One-shot Federated Learning Methods: A Practical Guide
It addresses the problem of improving OFL for researchers and practitioners in distributed machine learning, but it is incremental as it focuses on summarizing and categorizing existing work rather than introducing new methods.
This paper tackles the challenges of data and model heterogeneity in One-shot Federated Learning (OFL), which limits performance compared to traditional methods, by providing a systematic analysis and review of current techniques to guide future research.
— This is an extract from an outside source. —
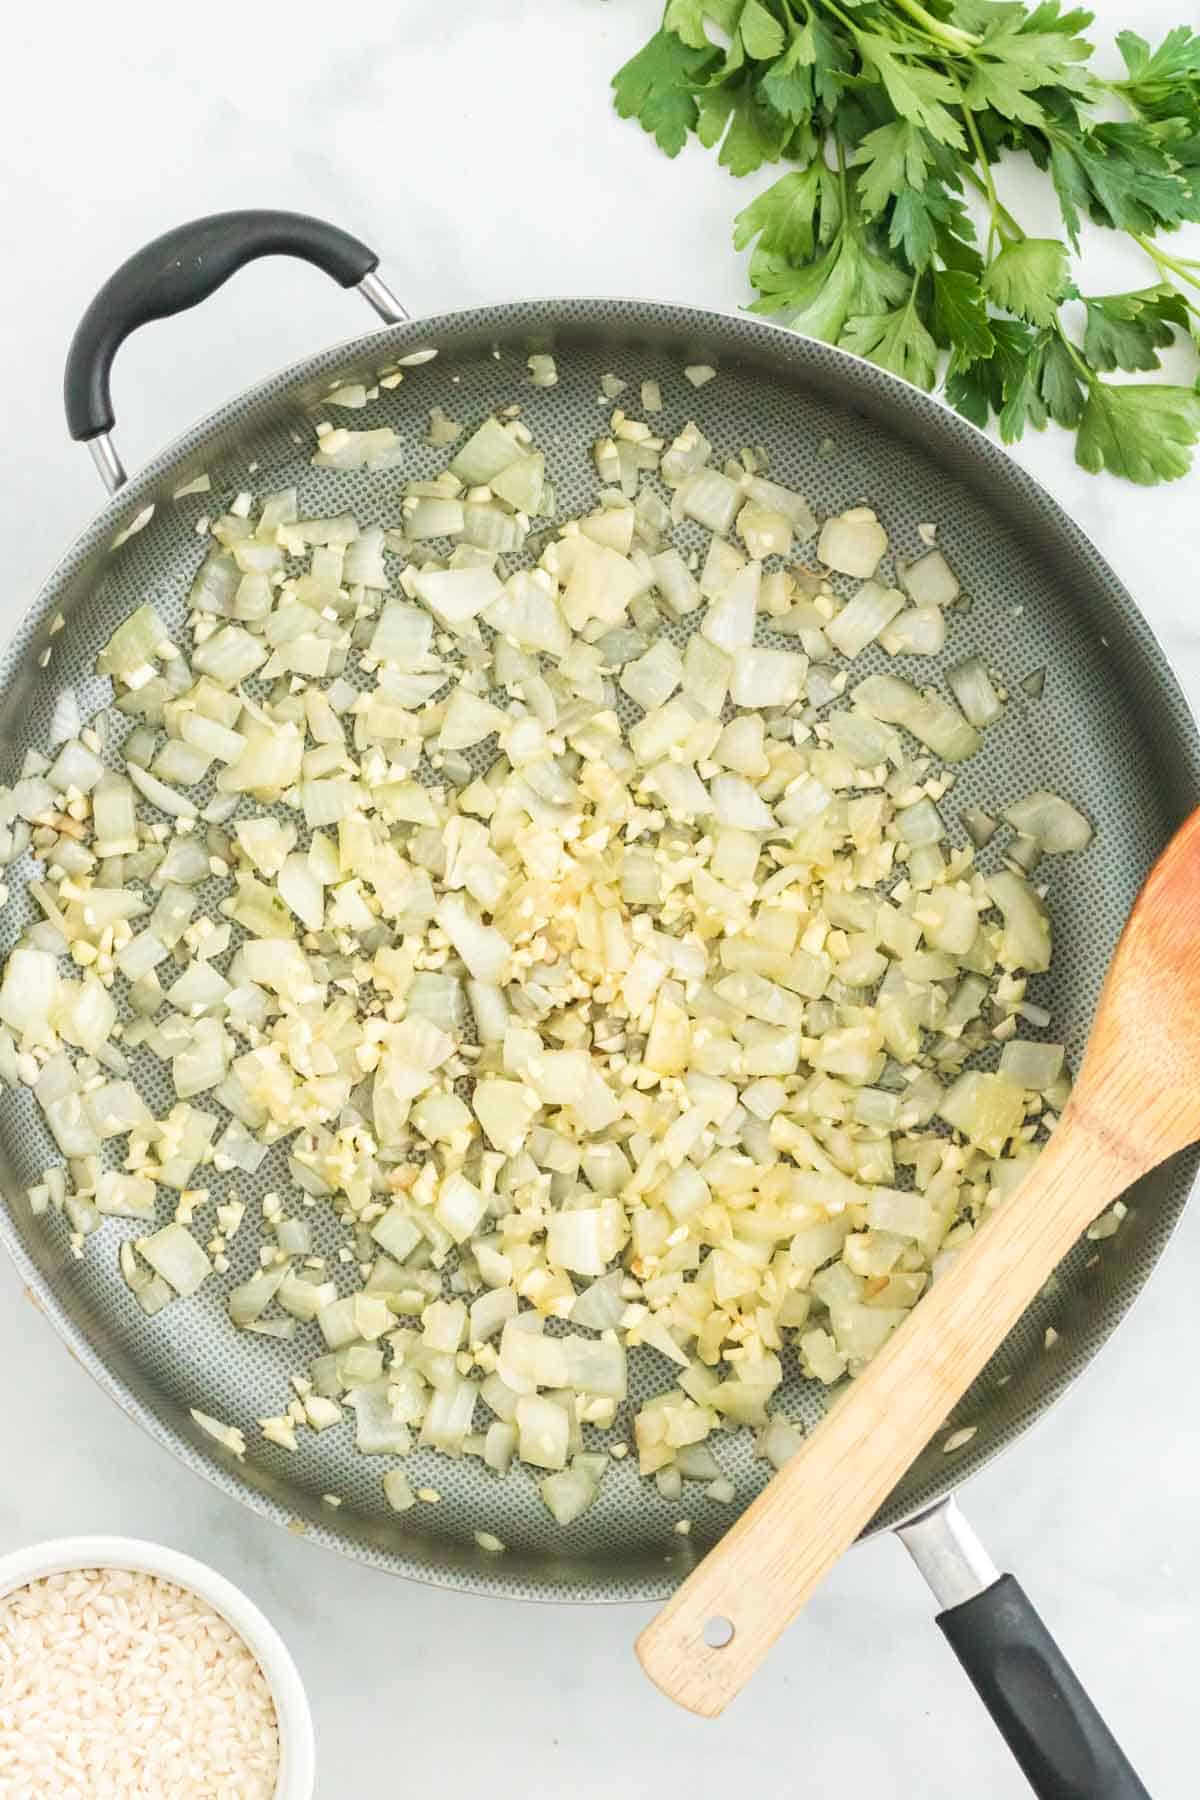 Diced and sauteed onions in a skillet next to a wooden spoon.

One-shot Federated Learning (OFL) is a distributed machine learning paradigm that constrains client-server communication to a single round, addressing privacy and communication overhead issues associated with multiple rounds of data exchange in traditional Federated Learning (FL). OFL demonstrates the practical potential for integration with future approaches that require collaborative training models, such as large language models (LLMs). However, current OFL methods face two major challenges: data heterogeneity and model heterogeneity, which result in subpar performance compared to conventional FL methods. Worse still, despite numerous studies addressing these limitations, a comprehensive summary is still lacking. To address these gaps, this paper presents a systematic analysis of the challenges faced by OFL and thoroughly reviews the current methods. We also offer an innovative categorization method and analyze the trade-offs of various techniques. Additionally, we discuss the most promising future directions and the technologies that should be integrated into the OFL field. This work aims to provide guidance and insights for future research.